Flagellar fractions were separated by SDS-PAGE (Pfister et al., 1982) and electroblotted onto a polyvinylidene difluoride membrane (Immobilon-P; Millipore Corp., Waters Chromatography, Milford, MA). Western blotting was carried out by standard procedures (Sambrook et al., 1987) using 5% nonfat dry milk in 10 mM Tris, pH 7.5, 166 mM NaCl, and 0.05% Tween to block the membrane. Primary antibodies were diluted in the blocking solution as recommended by the supplier and then hybridized for 2 h at room temperature. Horseradish peroxidase–conjugated secondary antibodies and enhanced chemiluminescence (Amersham Pharmacia Biotech.
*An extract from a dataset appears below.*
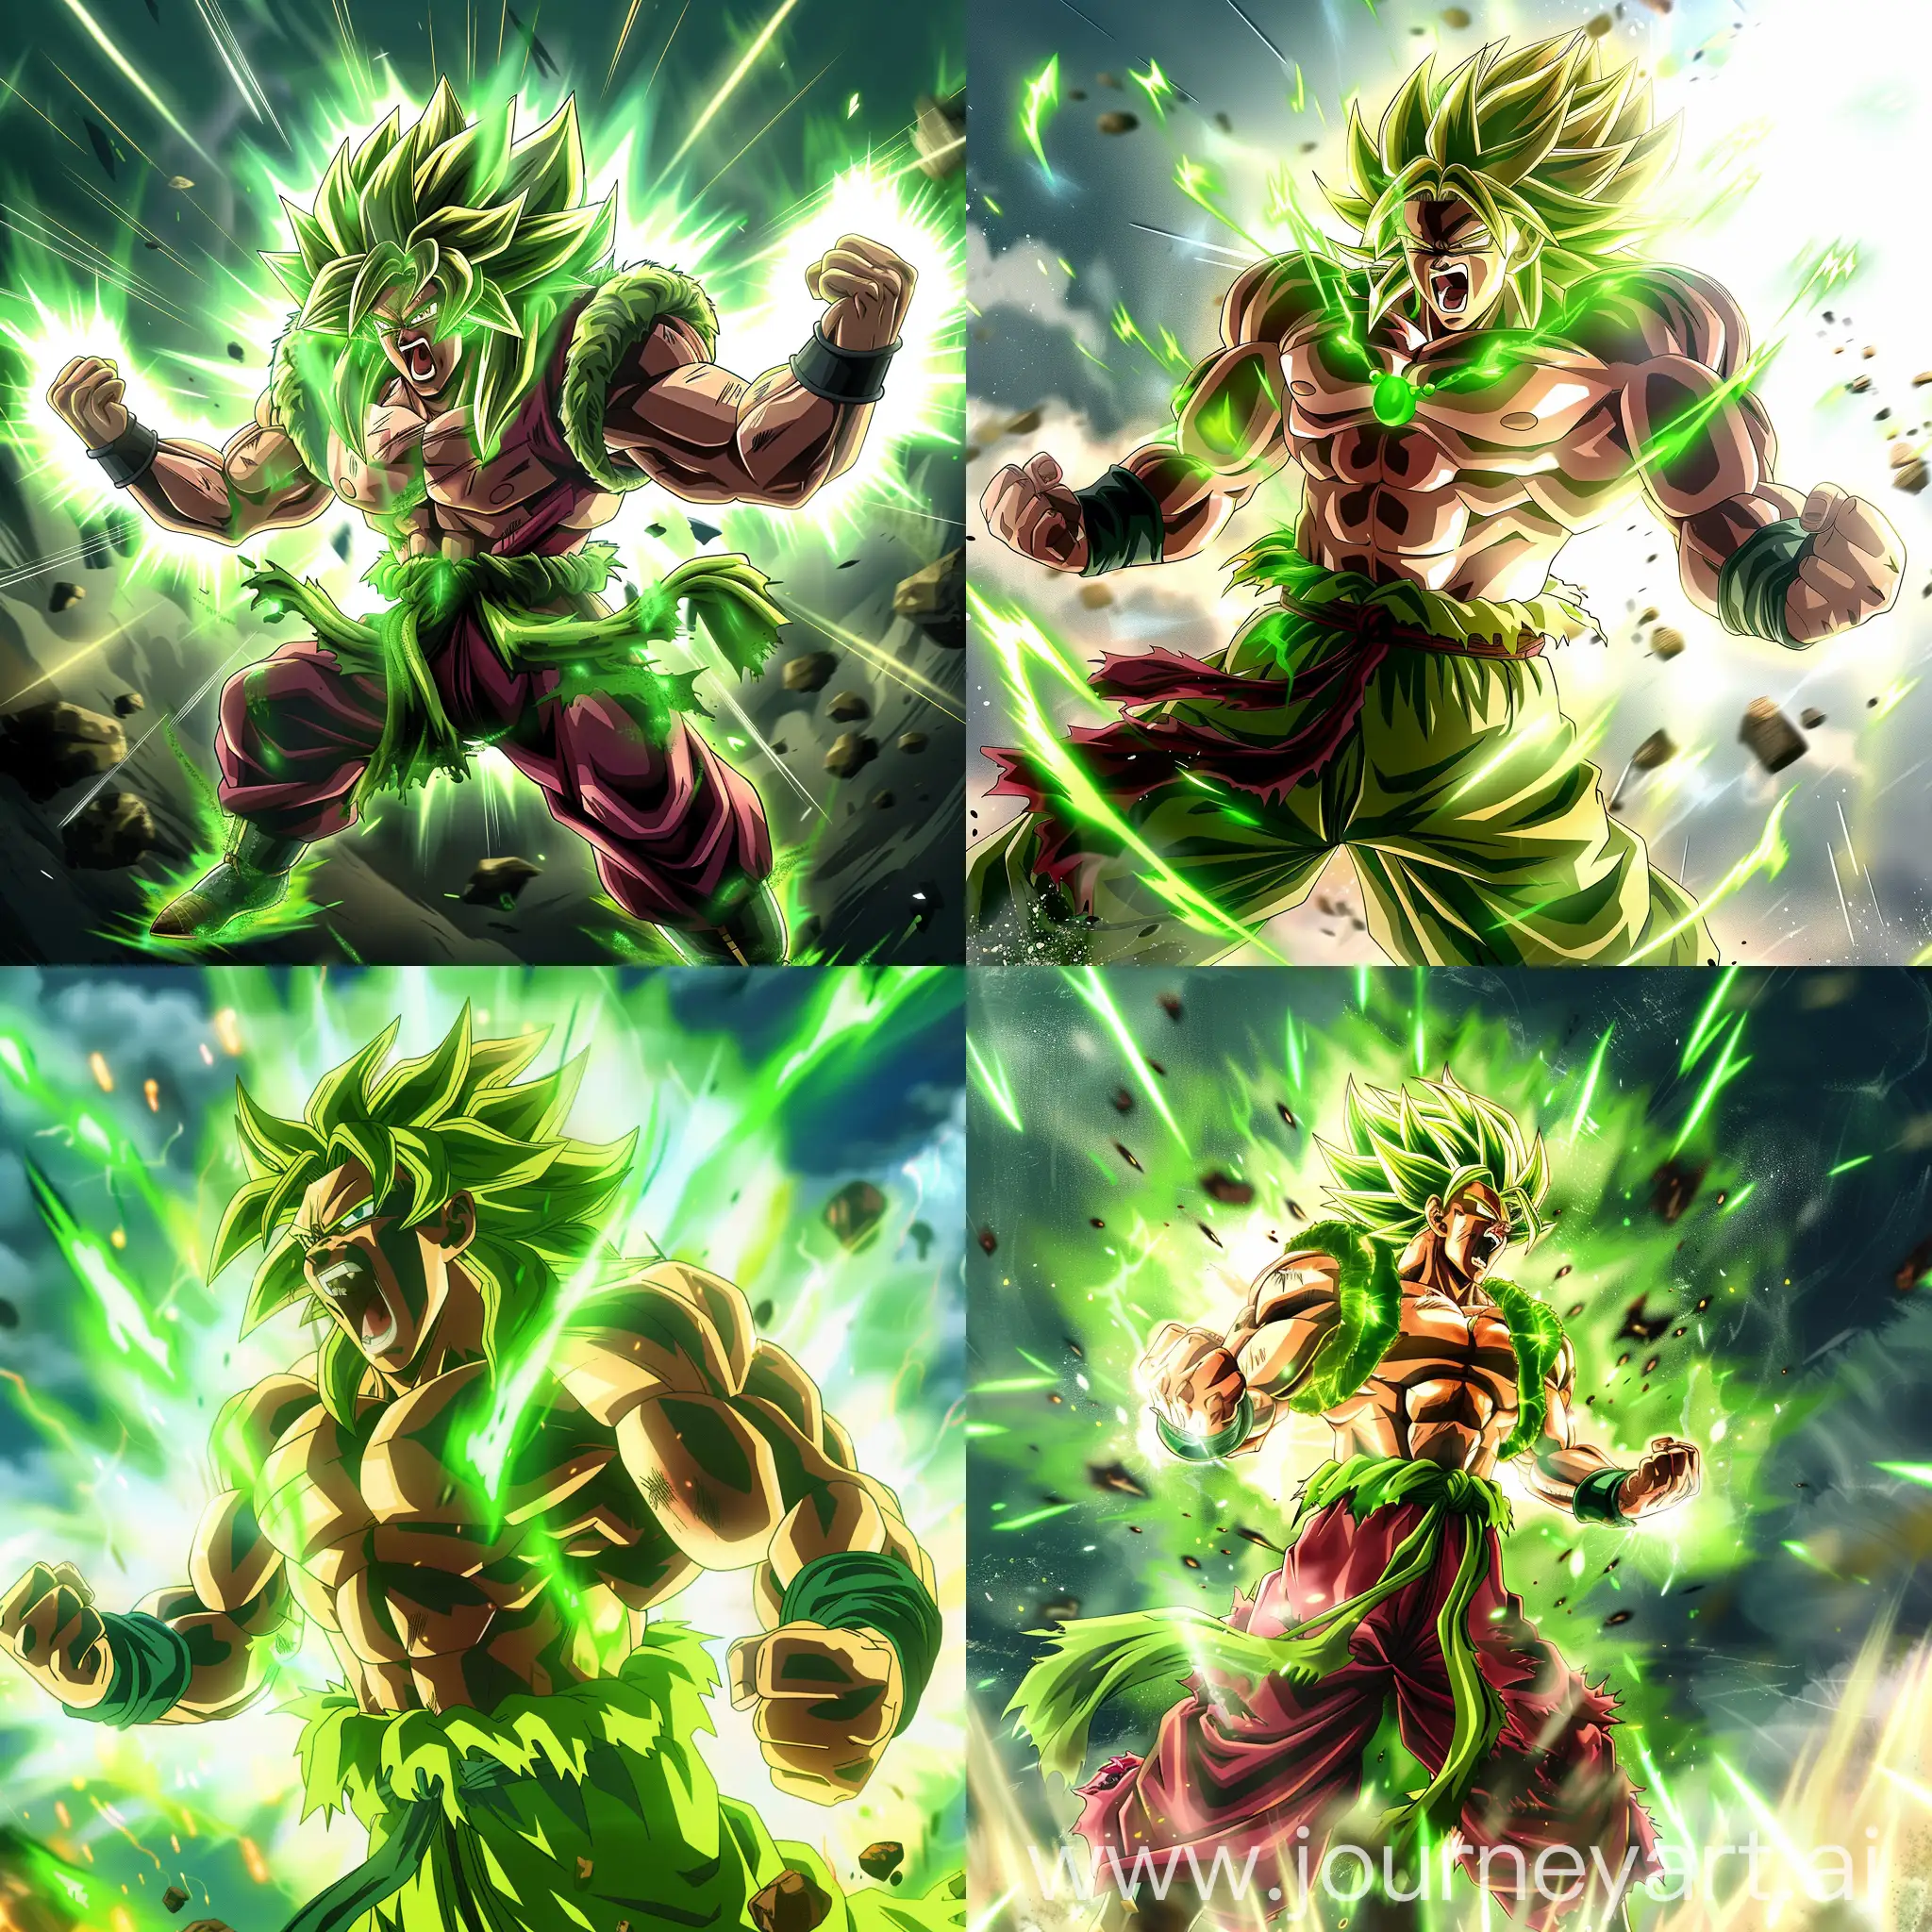 Broly-the-Legendary-Super-Saiyan-Powering-Up-with-Intense-Bursting-Green-Aura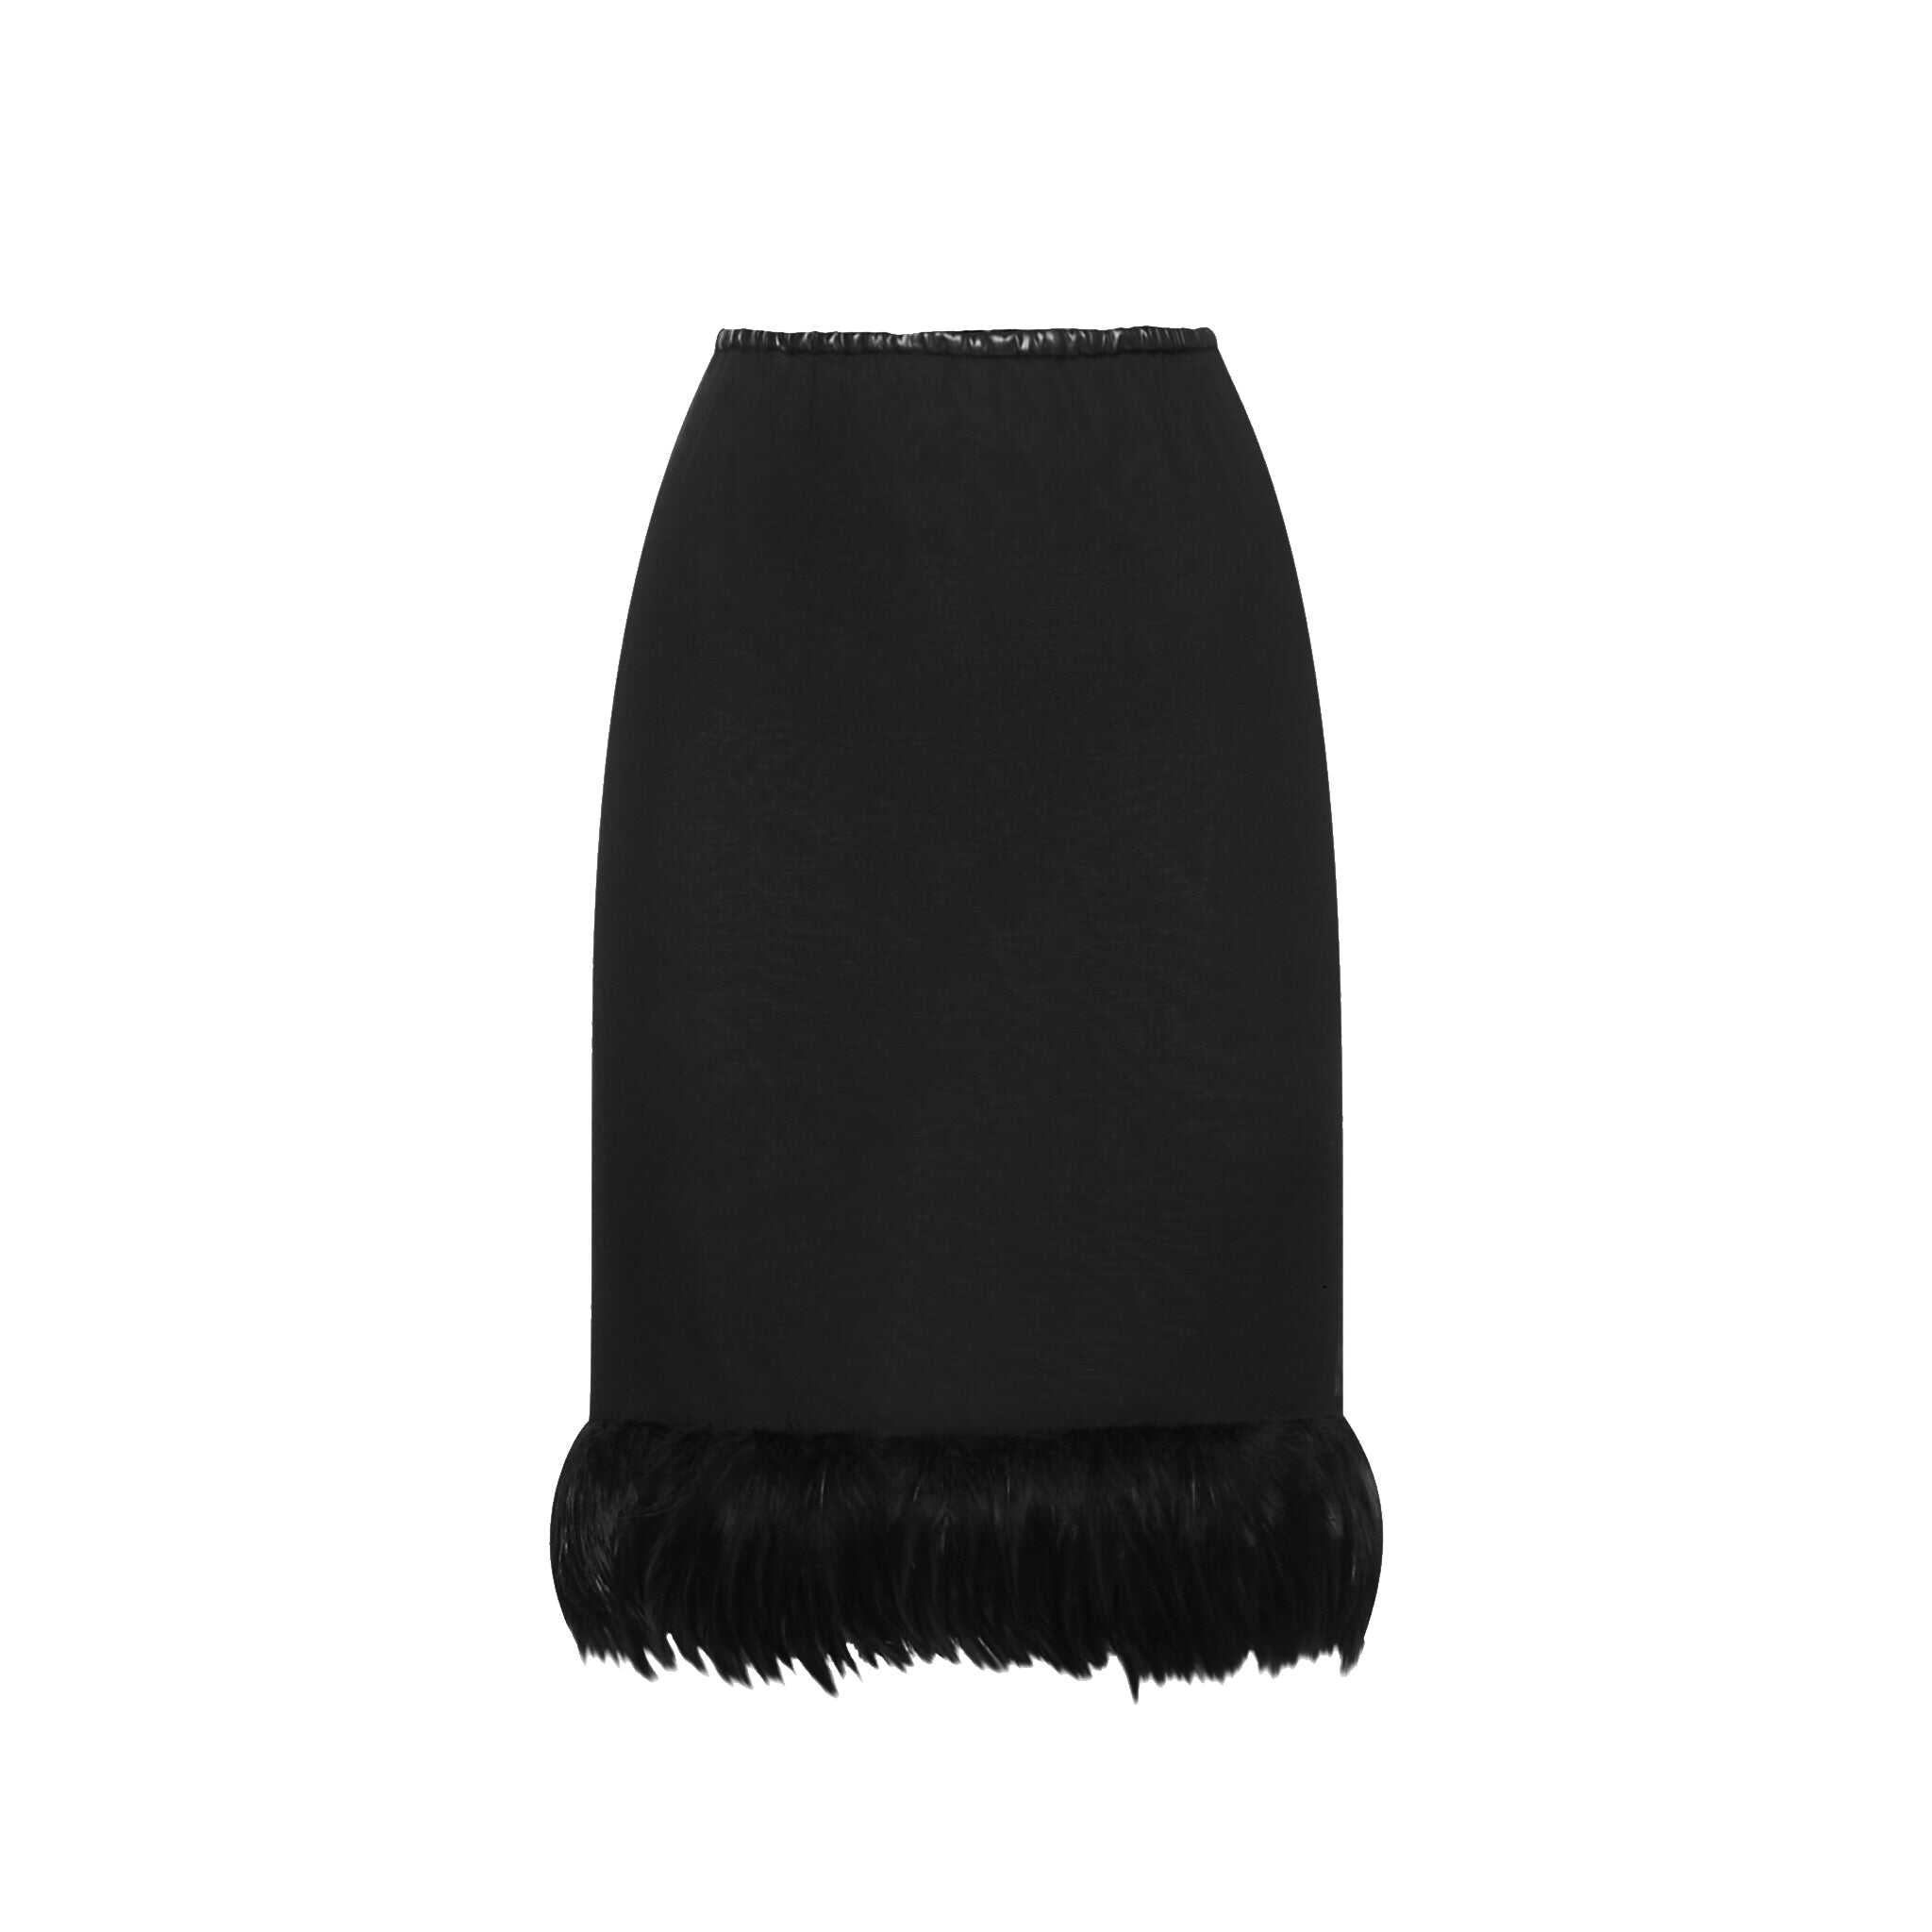 Poze Saint Laurent Feathers Trim Silk Skirt Black b-mall.ro

Inc., Piscataway, NJ) were used to detect the primary antibodies.
Primary antibodies used included: (a) R4058, specific for LC8 (King and Patel-King, 1995) (gift of S. King, University of Connecticut Health Center, Farmington, CT); (b) 1878β, specific for the outer arm dynein intermediate chain IC78 (King et al., 1985); (c) EU51, specific for the inner arm dynein intermediate chain IDA-IC140 (previously unpublished antibody gift of P. Yang and W. Sale, both from Emory University, Atlanta, GA); (d) 2-10-β6, specific for β tubulin (gift of G. Piperno, Mount Sinai School of Medicine, New York) (Piperno et al., 1987; King et al., 1991); (e) anti-FLA10N, specific for the anterograde IFT motor subunit FLA10 (Cole et al., 1998) (gift of D. Cole and J. Rosenbaum, both from Yale University, New Haven, CT); and (f) a mixture of mAB172.1, mAB139.1, mAB81.1, mAB81.2, mAB81.3, mAB81.4, and mAB57.1 specific for four of the raft proteins (Cole et al., 1998) (gift of D. Cole and J. Rosenbaum). Additional antibodies used were specific for radial spoke proteins RSP1 (Williams et al., 1986) and RSP3 (Williams et al., 1989) (gifts of D. Cole and J. Rosenbaum), the highly conserved kinesin sequences HIPYR and LAGSE (gift of C. Walczak, University of California, San Francisco, CA), and the molecular chaperone HSP70 (previously unpublished antibody gift of E. Savino and J. Rosenbaum, both from Yale University).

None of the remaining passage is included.